The raw data tables mix together filings from different reporting periods (e.g. quarterlys vs. semi-annual vs. pre-elections). But we need these filings to be sorted (or at least sortable) so that or users, for example, can compare the performance of two candidates in the same reporting period.
There are two vectors at play here:
This notebook is pulling data from the downloads-website's dev database, which was last updated on...
In [2]:
from calaccess_processed.models.tracking import ProcessedDataVersion
In [3]:
ProcessedDataVersion.objects.latest()
Out[3]:
Will also need to execute some raw SQL, so I'll import a helper function in order to make the results more readable:
In [4]:
from project import sql_to_agate
Let's start by examining the distinct values of the statement type on CVR_CAMPAIGN_DISCLOSURE_CD
. And let's narrow the scope to only the Form 460 filings.
In [5]:
sql_to_agate(
"""
SELECT UPPER("STMT_TYPE"), COUNT(*)
FROM "CVR_CAMPAIGN_DISCLOSURE_CD"
WHERE "FORM_TYPE" = 'F460'
GROUP BY 1
ORDER BY COUNT(*) DESC;
"""
).print_table()
Not all of these values are defined, as previously noted in our docs:
PR
might be pre-electionQS
is pro probably quarterly statementYE
might be...I don't know "Year-end"?S
is probably semi-annualMaybe come back later and look at the actual filings.

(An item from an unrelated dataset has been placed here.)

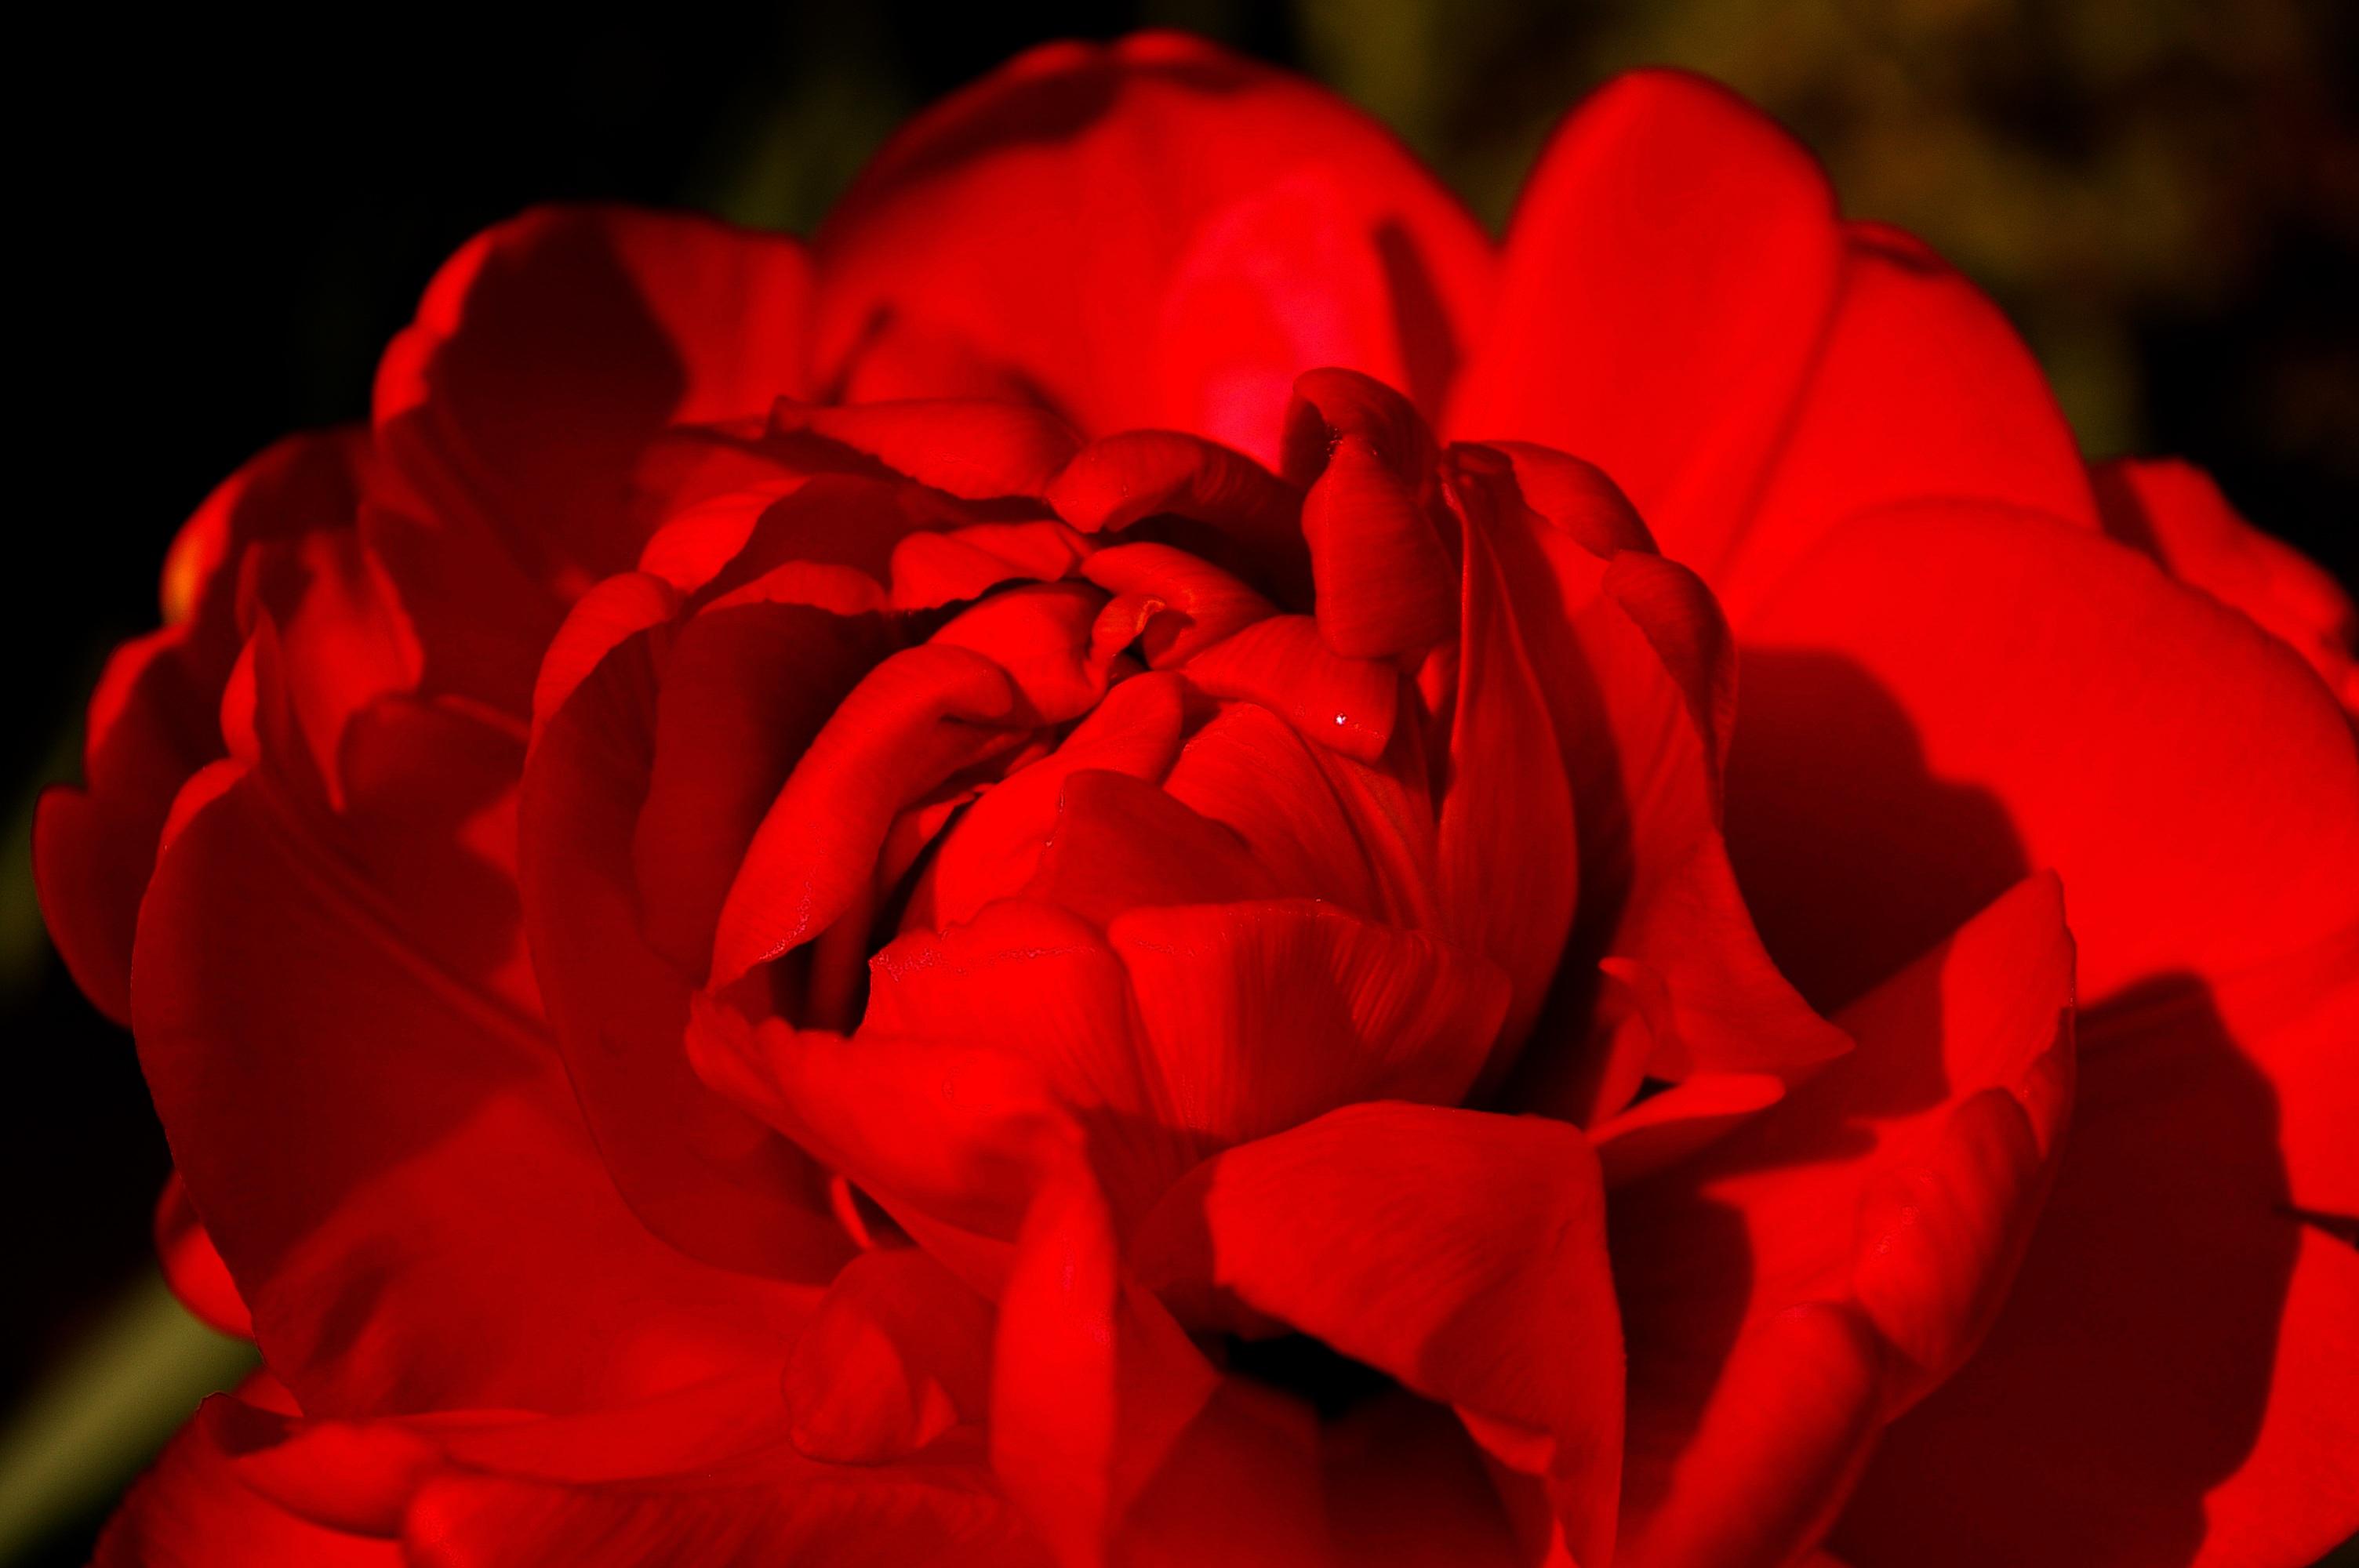 Free images nature open petal color botany colorful pink free images nature open petal color botany colorful pink flora flower bed close up farbenpracht petals bright beautiful exotic flower izmirmasajfo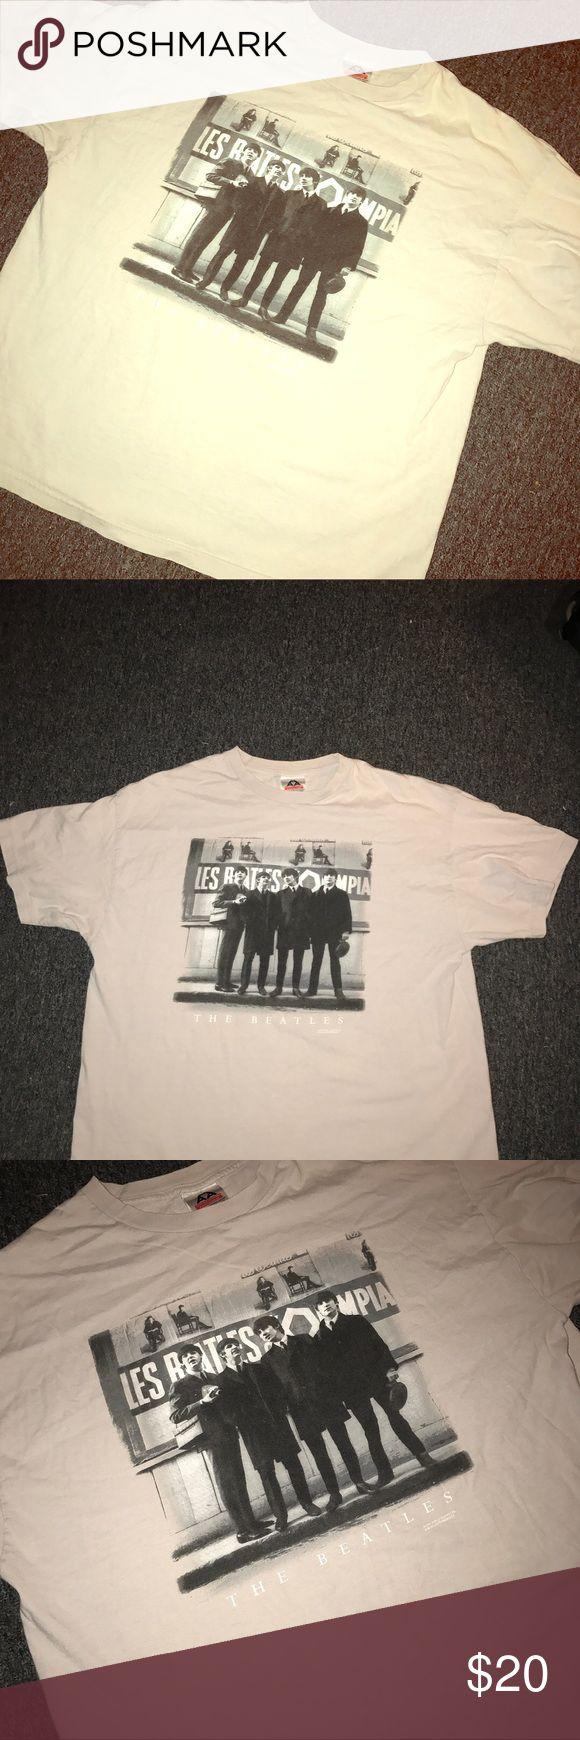 Vintage Beatles T shirt Clean rare over seas Vintage Beatle t shirt Shirts Tees - Short Sleeve

There aren't that many.
There's another similar-named column on FILER_FILINGS_CD
, but this seems to be a completely different thing:
In [6]:
sql_to_agate(
"""
SELECT FF."STMNT_TYPE", LU."CODE_DESC", COUNT(*)
FROM "FILER_FILINGS_CD" FF
JOIN "LOOKUP_CODES_CD" LU
ON FF."STMNT_TYPE" = LU."CODE_ID"
AND LU."CODE_TYPE" = 10000
GROUP BY 1, 2;
"""
).print_table()
One of the tables that caught my eye is FILING_PERIOD_CD
, which appears to have a row for each quarterly filing period:
In [7]:
sql_to_agate(
"""
SELECT *
FROM "FILING_PERIOD_CD"
"""
).print_table()
Every period is described as a quarter, and the records are equally divided among them:
In [8]:
sql_to_agate(
"""
SELECT "PERIOD_DESC", COUNT(*)
FROM "FILING_PERIOD_CD"
GROUP BY 1;
"""
).print_table()
The difference between every START_DATE
and END_DATE
is actually a three-month interval:
In [9]:
sql_to_agate(
"""
SELECT "END_DATE" - "START_DATE" AS duration, COUNT(*)
FROM "FILING_PERIOD_CD"
GROUP BY 1;
"""
).print_table()
And they have covered every year between 1973 and 2334 (how optimistic!):
In [10]:
sql_to_agate(
"""
SELECT DATE_PART('year', "START_DATE")::int as year, COUNT(*)
FROM "FILING_PERIOD_CD"
GROUP BY 1
ORDER BY 1 DESC;
"""
).print_table()
Filings are linked to filing periods via FILER_FILINGS_CD.PERIOD_ID
. While that column is not always populated, it is if you limit your results to just the Form 460 filings:
In [11]:
sql_to_agate(
"""
SELECT ff."PERIOD_ID", fp."START_DATE", fp."END_DATE", fp."PERIOD_DESC", COUNT(*)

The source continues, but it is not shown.